Кстати о шариках. Известно, что чиновных людей в этой стране отличают шариками на шапках... Цвета этих шариков выражают степени. Я не имею еще полного об этом устава, и скажу только, что едущие с нами чиновники носят: Манжуры битхеши (что значит письмоводитель) — белый коралловый шарик; а бошхо (курьер) — золотой; Монголы тусулахчи (род чиновника для особых поручений) — красный коралловый, а тайдзи (дворянин) — синий, лазуревый шарик. Китайский император носит, говорят, на шапке огромную жемчужину. Тусулакчи и тайдзи не настоящие чиновники, не мандарины: они живут по домам в степи, и только в особенных случаях являются на службу. Жалованья не получают. Нам они выставляли юрты, или войлочные [125] домики, и собирали лошадей на каждой станций, потому что станции были на пустоплесьях.

До станции Номту путь лежит по долине, орошаемой речкою Шари, или Желтою, получившею это название от цвета воды. В речке очень много рыбы; впрочем, все здешние воды изобилуют рыбою, потому что Монголы ее не ловят, питая к ней религиозное уважение, как к живым существам, в которые могут переселяться человеческие души. Мы однако позволили себе изловить несколько рыб, которые имели отличный вкус, что должно, я думаю, приписать тому, что рыба здешняя не истощается усталостью, не будучи гоняема рыболовами. Мы очень жалели, что не взяли с собою сетей. Рыбы в здешних речках так мною, что даже удавалось убивать ее из винтовок пулями.

Нам встретились впервые батарчи, странствующие нищие; они ходили на поклонение великому ламе, и возвратились из Тибета; несли на своих спинах большие и тяжелые ноши; идучи, тело свое держат они в особенном положении и упираются на два костыля, которыми вооружены руки. Этот способ хождения с ношами заслуживает подражания. Далее мы заезжали в разбитую палатку китайских торгашей; они возвращались с огромным запасом сухих грибов, называемых мога. Грибы эти двух родов; одни растут на березе, имеют цвет черный и похожи на хрящ; другие в степях растут курганами. [126] Китайцы приготовляют из них разные соленья, на которые они большие мастера. Русские, на Кяхте, променивают много этих грибов и занимающиеся этою торговлею называются мога-торговцами. Еще заезжали мы в кумирню и между идолами встретили там чучело медведя, которое не знаю что такое выражает собою в символической мудрости буддистов. Как все формы кумиров, эта должна также изображать какое нибудь качество божества. Мудрость лам состоит в знании этих бесчисленных и часто очень сложных символов и в уменьи объяснить их: только они неохотно объясняют таинства своей веры иноверцам, да и единоверцам тоже, потому, я думаю, что и сами плохо их понимают.
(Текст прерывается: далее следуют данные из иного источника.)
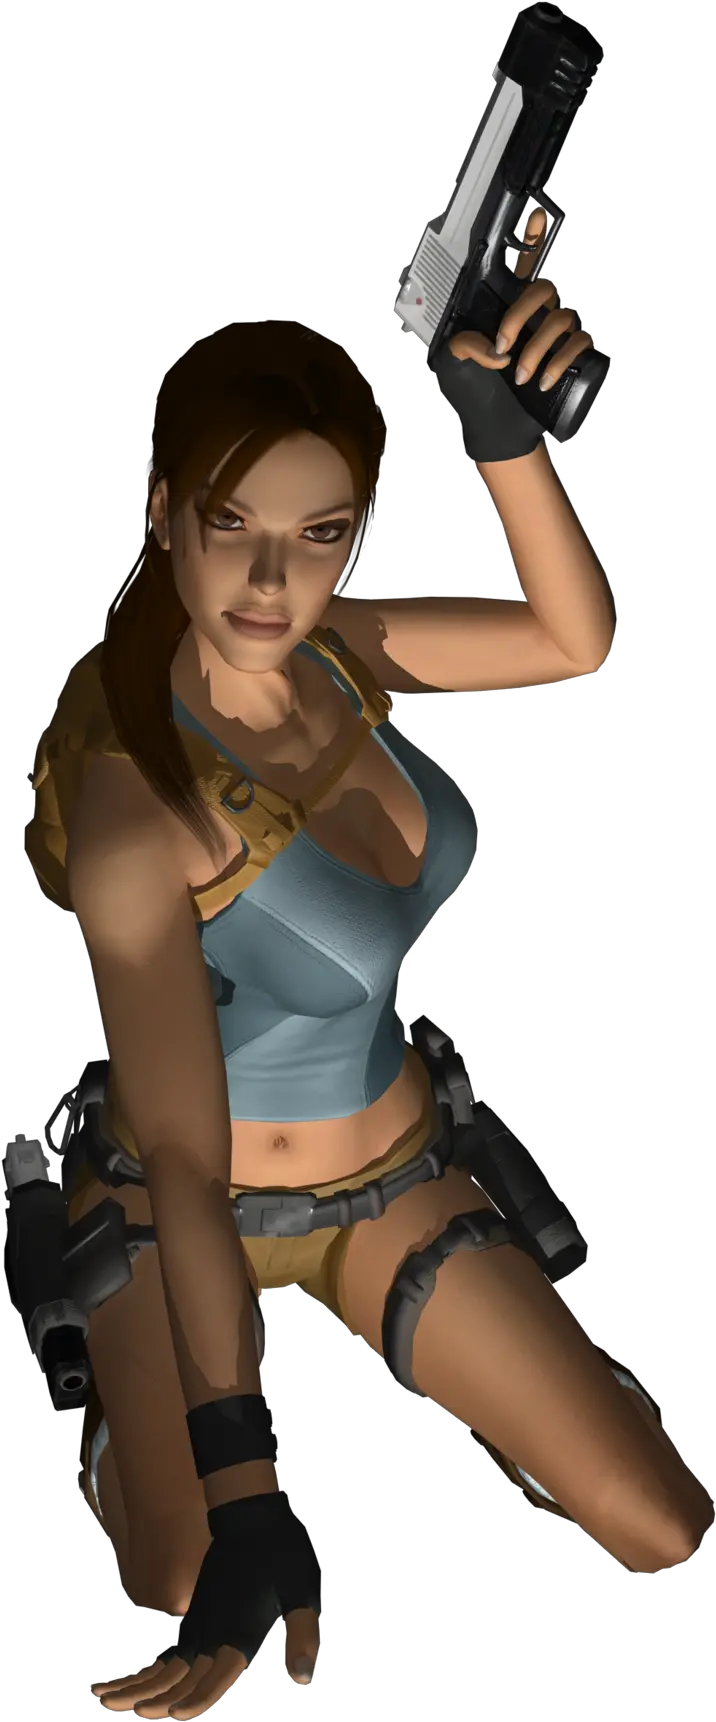 Download Lara Croft Lara Croft Png Lara Croft Transparent

Этот медведь озадачил нас очень. Как лесов здесь нет и медведь неизвестное животное, то, вероятно, ему приписывают чудные качества или необыкновенные способности.

Растительность в этой части степи богатая; на переезде встречалось много полей, засеянных просом. Монголы молотили его на полях посредством быков, как делается это у нас посредством лошадей.

Восьмого сентября переехали мы через хребет Тумукей, который кажется протяжением яблонного хребта. Подъем на эти горы был очень труден и мы подпрягали под воза лишних лошадей; а спуск, от неопытности казаков, бывших у нас [127] ямщиками, и от непривычки лошадей, кончился весьма комически; мы вскоре увидели свой обоз сваленным в кучу: лошади и телеги лежали низом вверх или на боках и в тому подобных положениях. Приехав на станцию, мы недостали молока, потому что этот день был цертэ, один из пяти дней в каждом месяце (8, 15, 16, 21 и 27), в который Монголы ничего не едят и ничего не дают. Брать однакоже не запрещается, если судить потому, что они у нас брали и даже воровали.

На вершине Тумукея есть насыпь, обо, означающая, границу между хошунами, округами, на которые делится страна. Насыпи эти увеличиваются обязанностью каждого проезжающего что нибудь на нее положить, и это исполняется свято.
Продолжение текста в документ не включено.